MacDowall's 2009 Clio Cup performances impressed top British Touring Car Championship (BTCC) teams Motorbase Performance, RML and West Surrey Racing, who gave him tests over the winter break ahead of the 2010 season. In March 2010 it was announced that MacDowall would race a Chevrolet Cruze for the RML-run Silverline Chevrolet factory-supported team, as teammate to Jason Plato. In a wet qualifying session at Snetterton he became the youngest polesitter in the championship's history but the car's gearlever broke as he changed up into second gear at the start of the first race. He failed to finish in the points in either of the other two races. His rookie year was a success though, with two podiums, two pole positions and a fastest lap en route to 10th overall in the championship. Macdowall continued with Chevrolet in the British Touring Car Championship for 2011, ending the season 9th in the standings with 100 points and 3 podium finishes.

World Touring Car Championship

bamboo-engineering (2012–2013)

In February 2012 it was announced that MacDowall would race for bamboo-engineering in the WTCC for the 2012 season where his teammate would be Pasquale Di Sabatino. He scored points in his first race at Monza and again in the second race of the day. He left Italy in a three-way tie for the Yokohama Drivers' Trophy championship lead. He took his first win in the Yokohama Independents' Trophy at the Race of Austria. Di Sabatino was replaced by Michel Nykjær for the Race of Brazil and MacDowall missed out on an independent win to Nykjær in race one. His result in race one combined with two non-scores for Yokohama Trophy rival Franz Engstler elevated him to fourth in the standings, 12 points behind Stefano D'Aste. He took his second independent win of the season in race one of the Race of Japan. He went into the final race weekend in Macau with a slim chance of taking the Yokohama Trophy title. In qualifying he secured the reversed grid pole position for race two; at the start of the race he lost the lead to Norbert Michelisz but passed him again to take the lead. Both drivers were then overtaken by Alain Menu and MacDowall dropped to fourth when a tap from Yvan Muller spun MacDowall into the barriers after exiting the high speed Mandarin corner. Muller later apologised for the incident but no penalties were issued to either driver. MacDowall dropped back down to fifth in the Yokohama Trophy standings and was classified in 10th in the drivers' championship, tied on points with Mehdi Bennani but behind on countback due to Bennani's podium at the Race of Hungary.

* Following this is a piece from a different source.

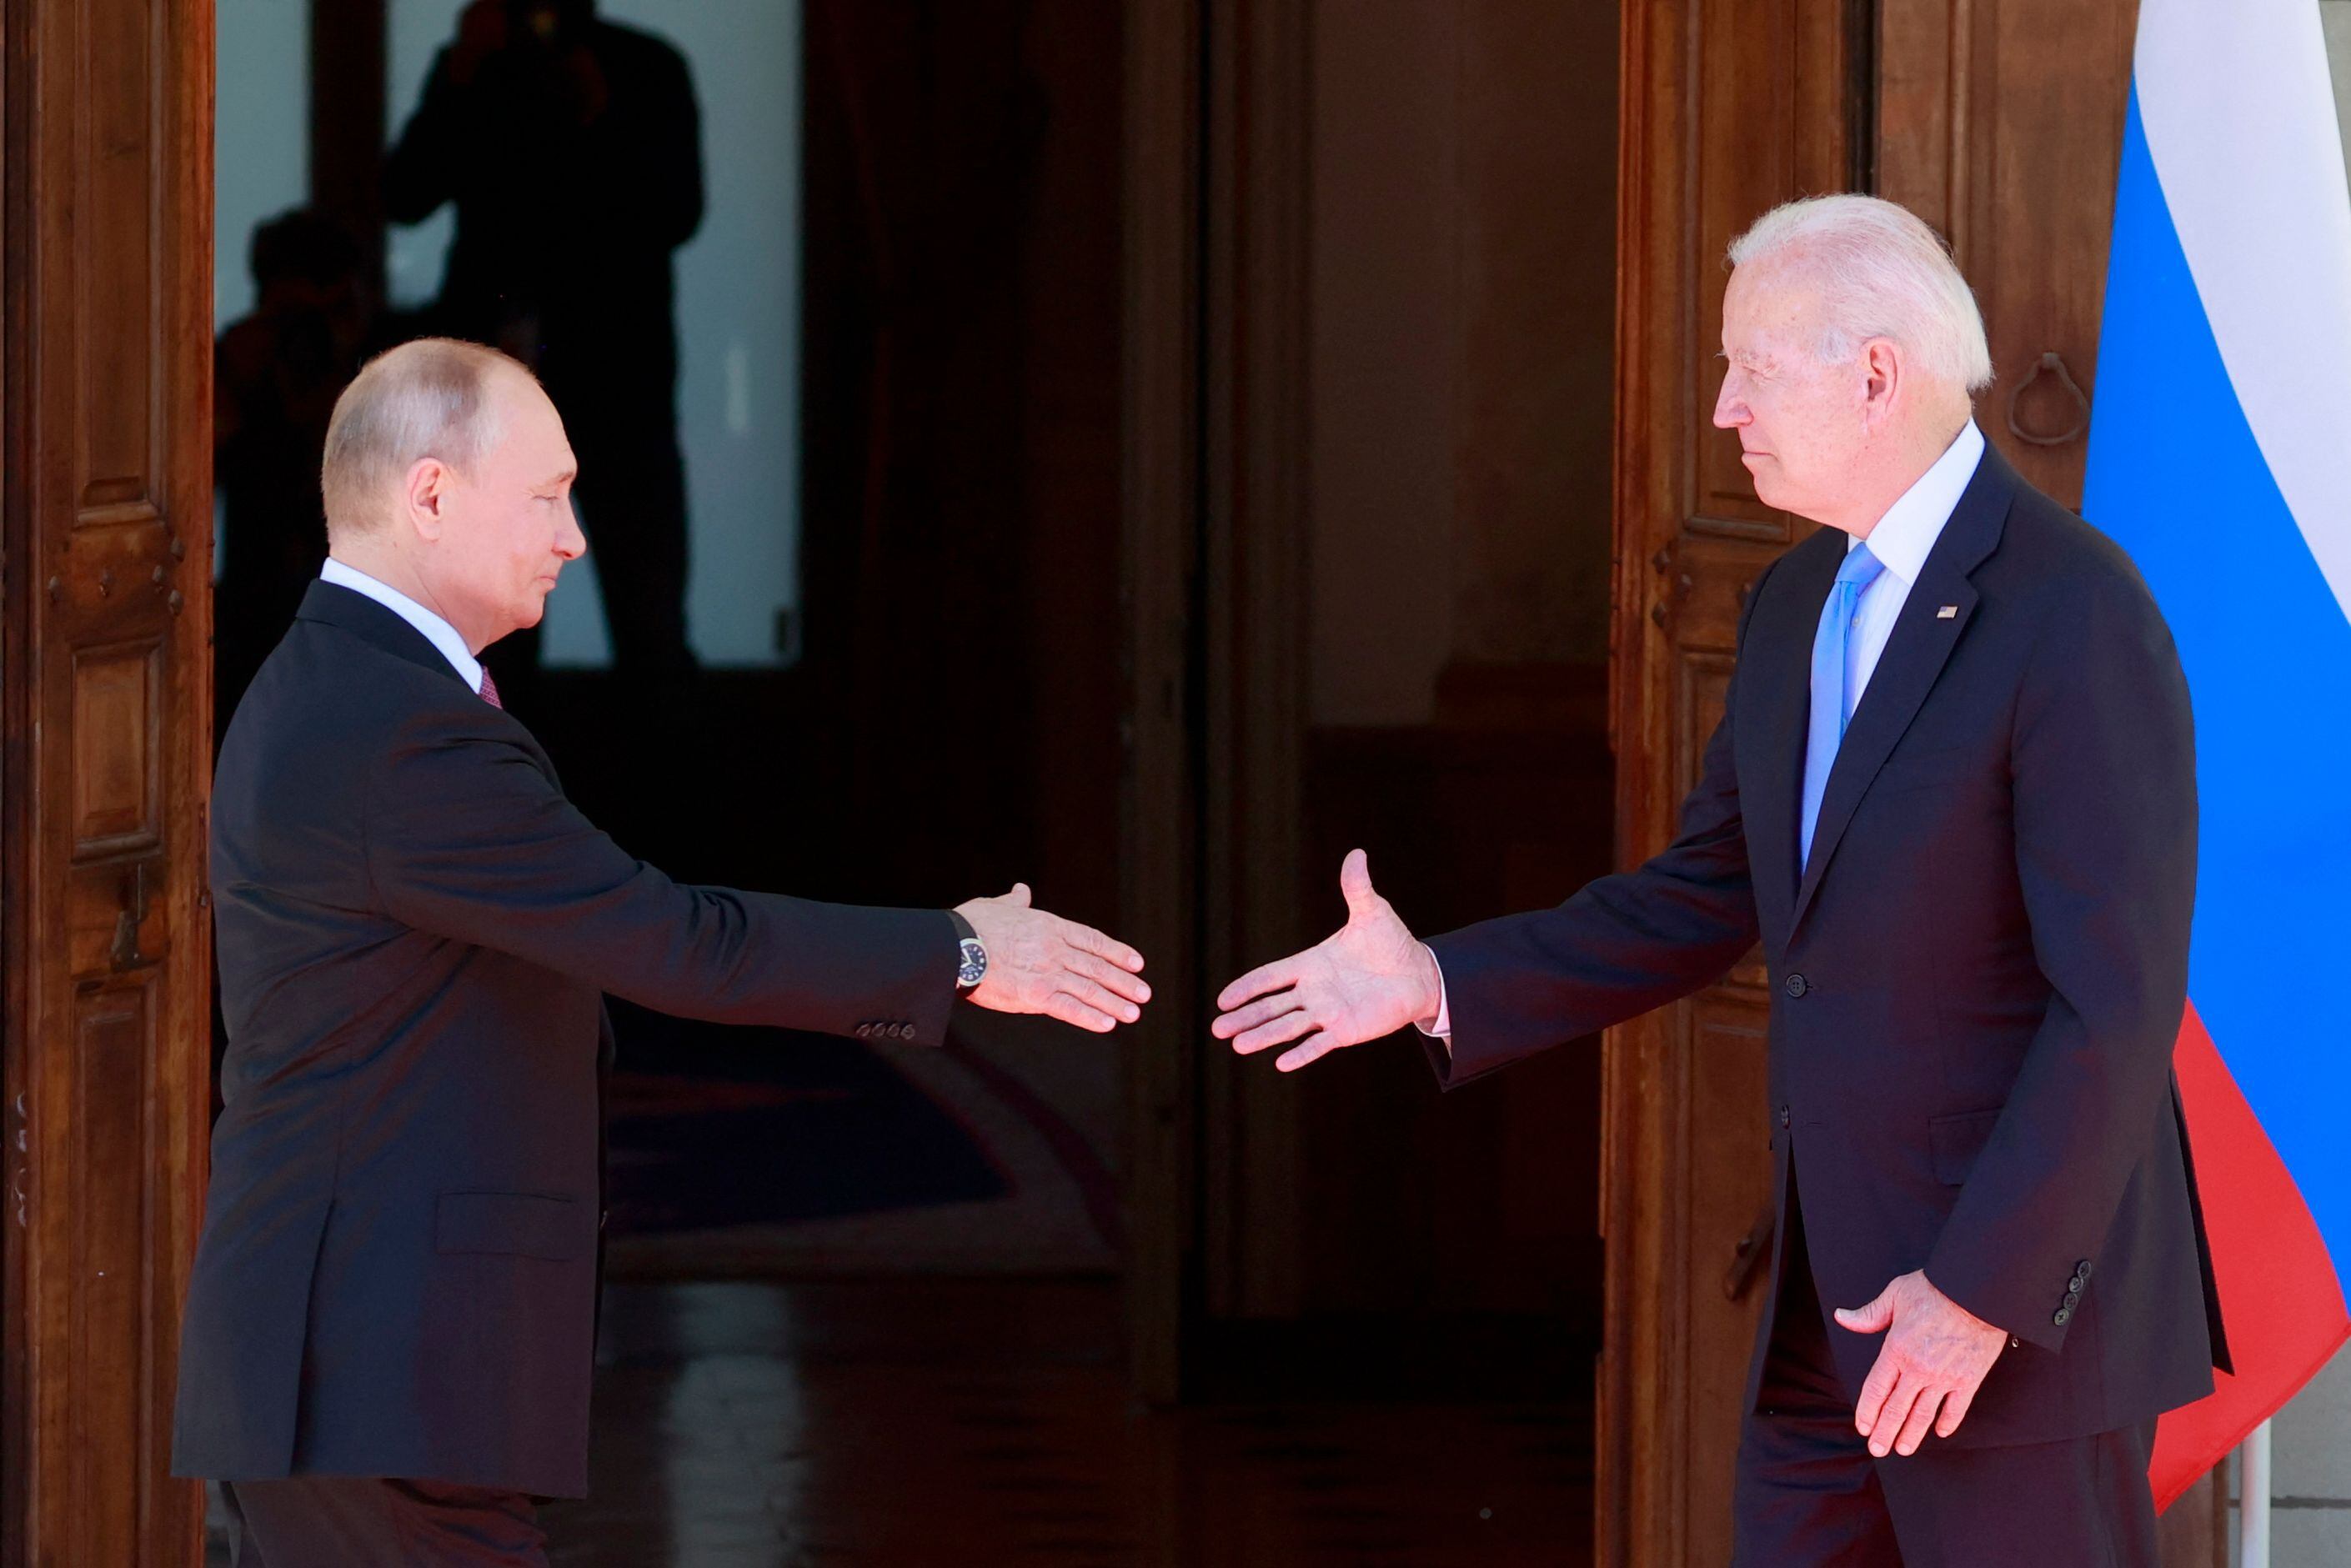 El presidente ruso, Vladimir Putin (izquierda), le da la mano al presidente estadounidense, Joe Biden, antes de su reunión en la 'Villa la Grange' en Ginebra el 16 de junio de 2021. FOTO:

MacDowall stayed with Bamboo Engineering for the 2013 season, partnering new teammate James Nash. He finished on the overall podium for the first time in the WTCC when he came third in race one of the Race of Italy, also taking the independents' victory.

World Endurance Championship

Aston Martin Racing (2014–)
In February 2014 Alex announced that he would compete for Aston Martin Racing, the factory Aston Martin racing team, in the FIA World Endurance Championship. This marked MacDowall's first competitive start in GT racing and saw him race at some of the world's most famous circuits including Le Mans, Spa, Silverstone and Interlagos. MacDowall competed in the GTE Pro category alongside former Bamboo teammate Darryl O'Young and experienced GT racer Fernando Rees.

Racing record

Complete British Touring Car Championship results
(key) (Races in bold indicate pole position – 1 point awarded in first race) (Races in italics indicate fastest lap – 1 point awarded all races) (* signifies that driver lead race for at least one lap – 1 point given)

Complete World Touring Car Championship results
(key) (Races in bold indicate pole position) (Races in italics indicate fastest lap)

† – Did not finish the race, but was classified as he completed over 90% of the race distance.

Complete FIA World Endurance Championship results
(key) (Races in bold indicate pole position; races in
italics indicate fastest lap)

Complete British GT Championship results
(key) (Races in bold indicate pole position) (Races in italics indicate fastest lap)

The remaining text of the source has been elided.